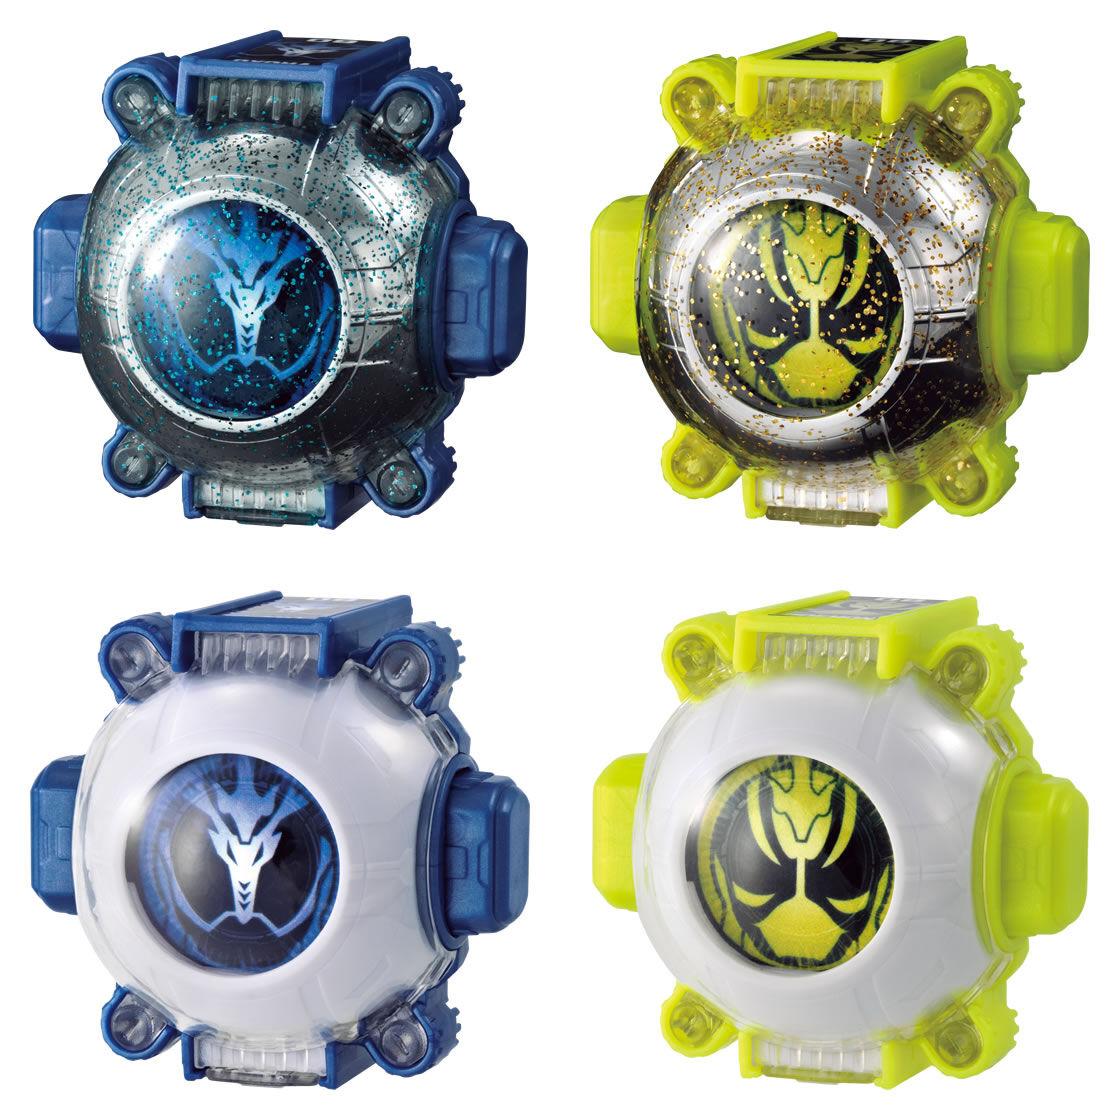 RARE   Bandai Masked Kamen Rider Ghost Gashapon Ghost eyecon 07 4 kinds of sets
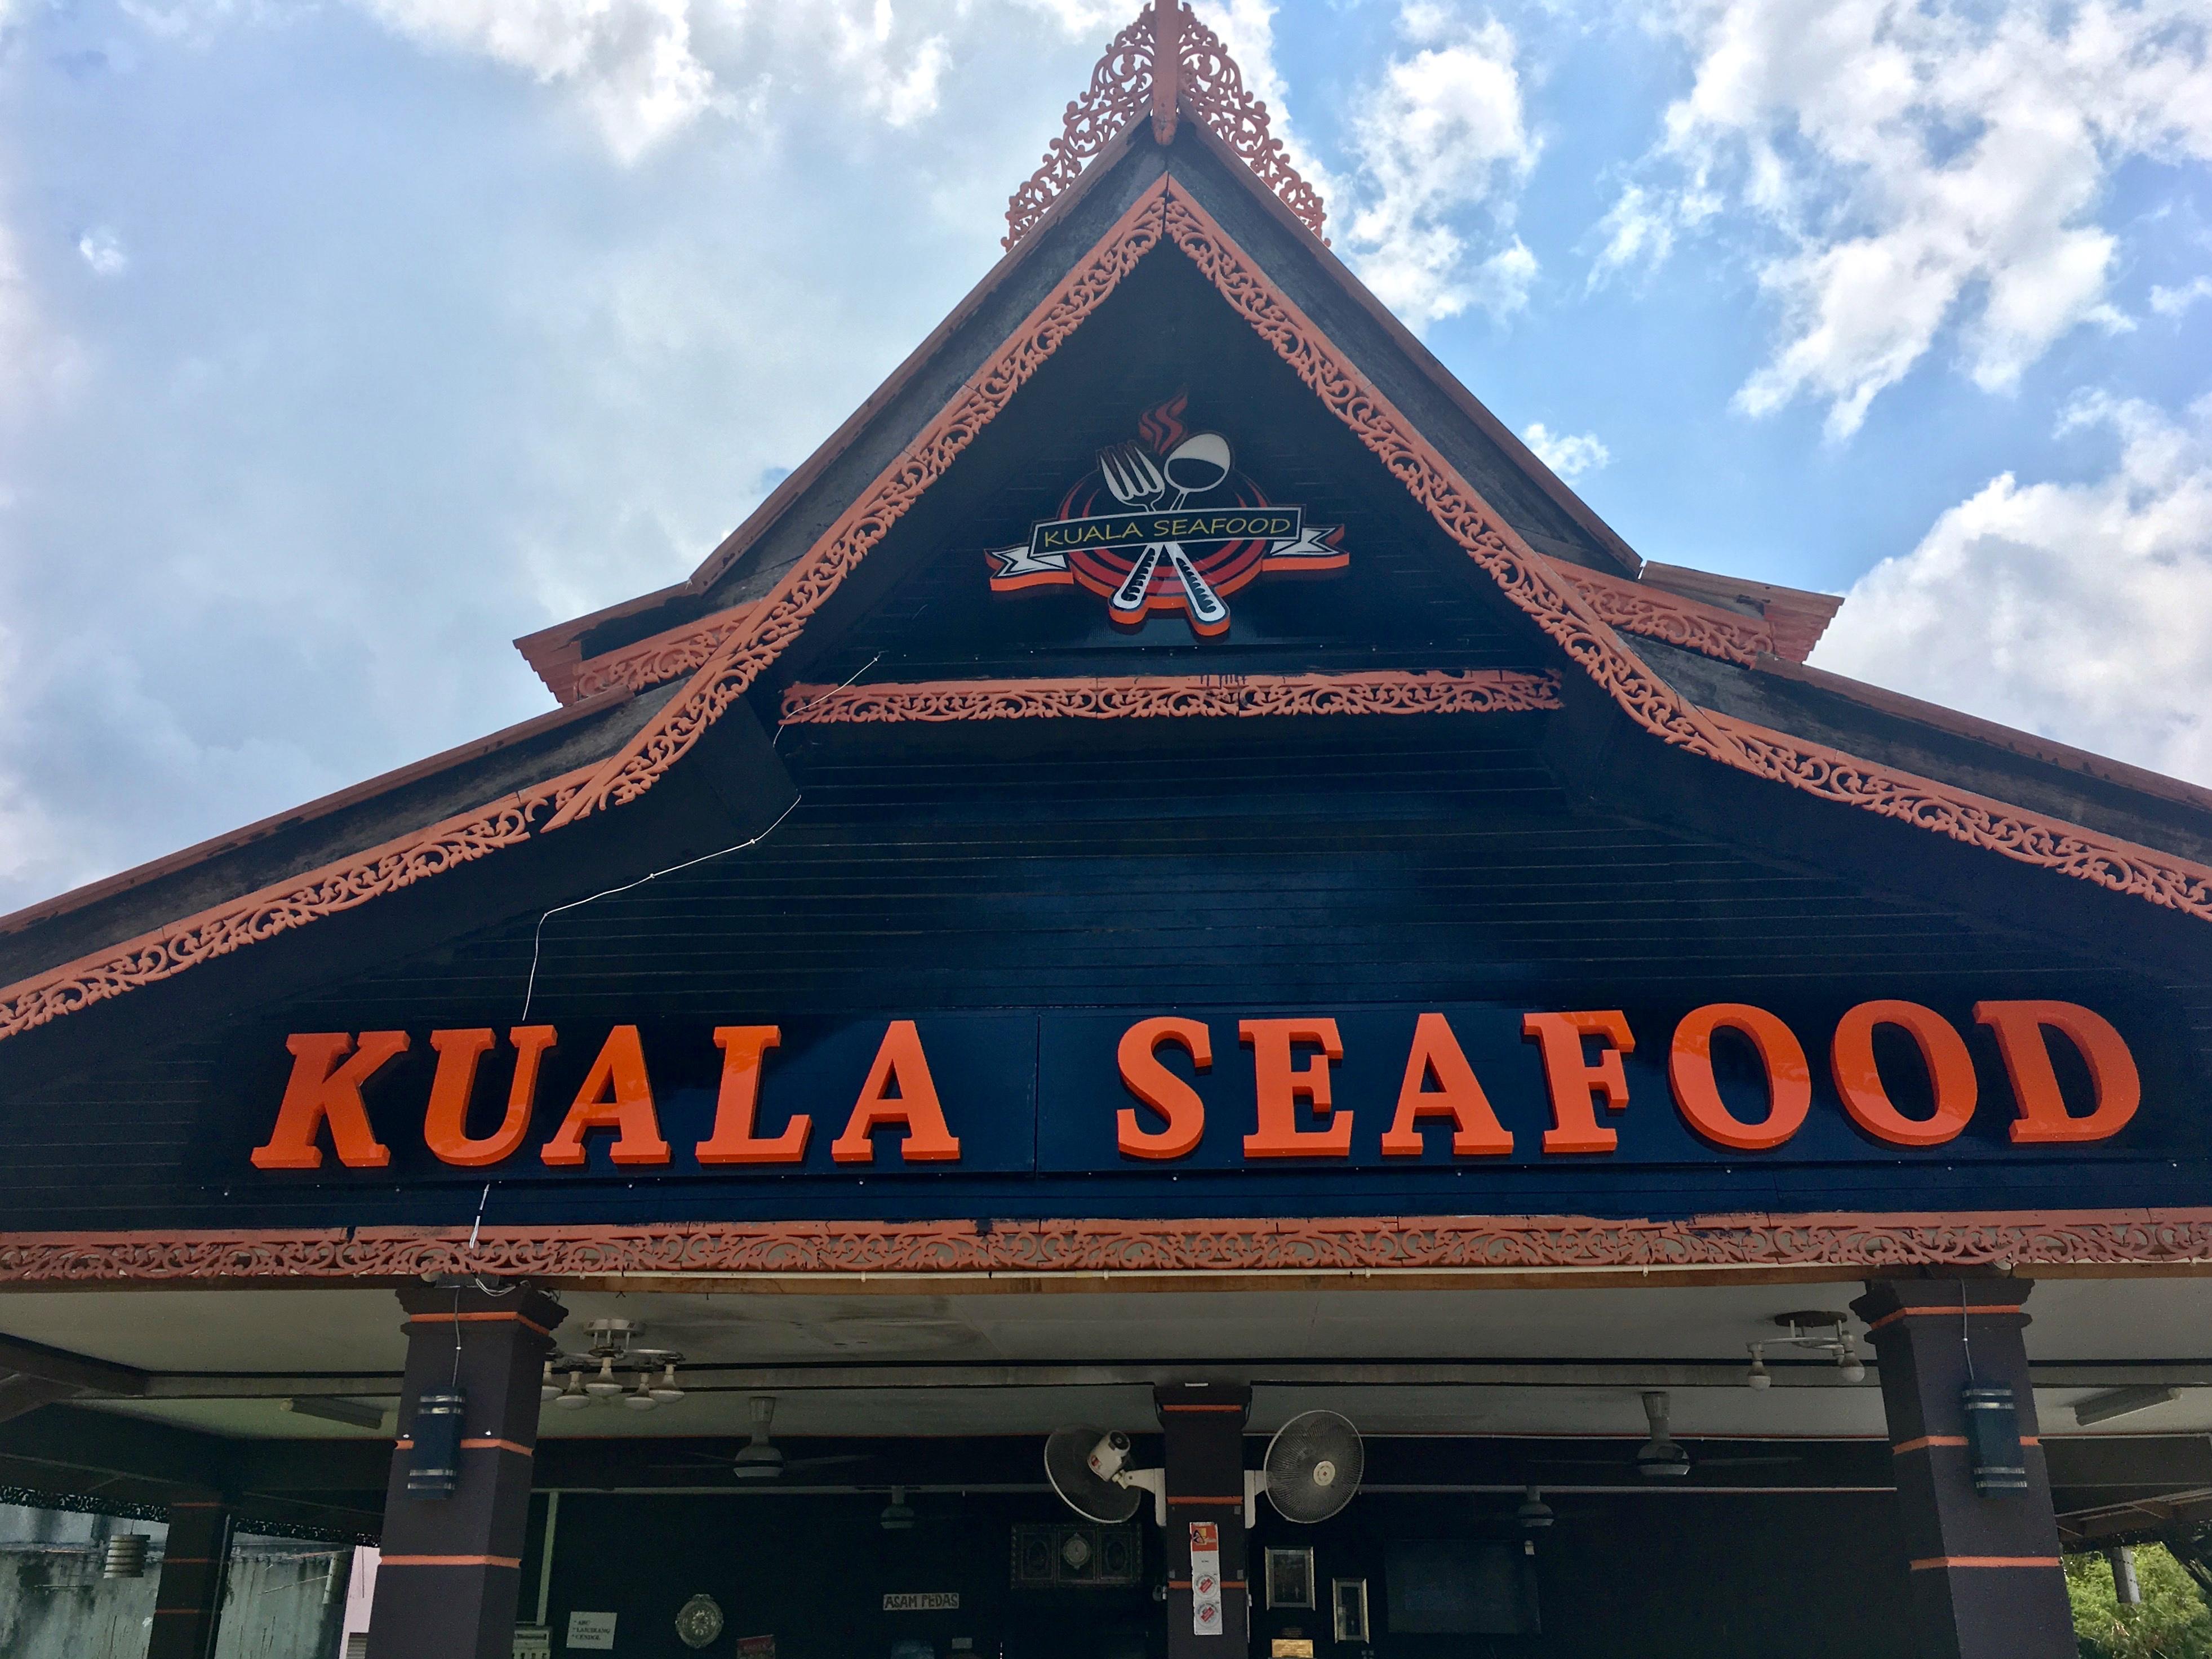 Kuala Seafood
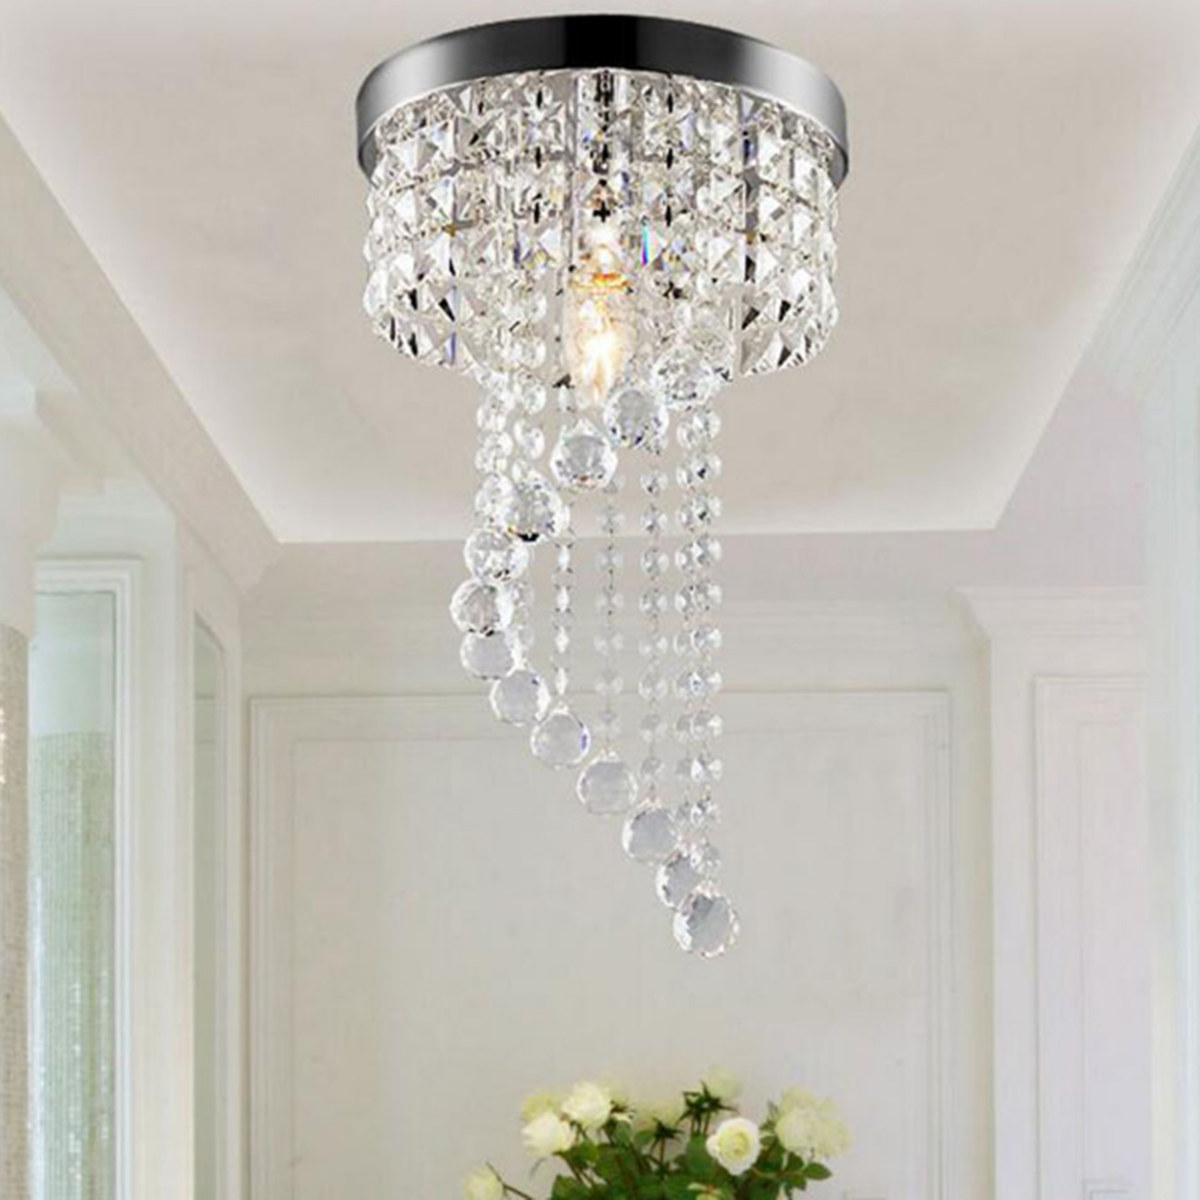 Modern led galaxy spiral crystal chandelier lamp fixture lighting pendant decor 220v

[Exercise details]: Output the listing above exactly, excluding all pictures.

[Response to this task]:
 RARE   Bandai Masked Kamen Rider Ghost Gashapon Ghost eyecon 07 4 kinds of sets
 Kuala Seafood
 Modern led galaxy spiral crystal chandelier lamp fixture lighting pendant decor 220v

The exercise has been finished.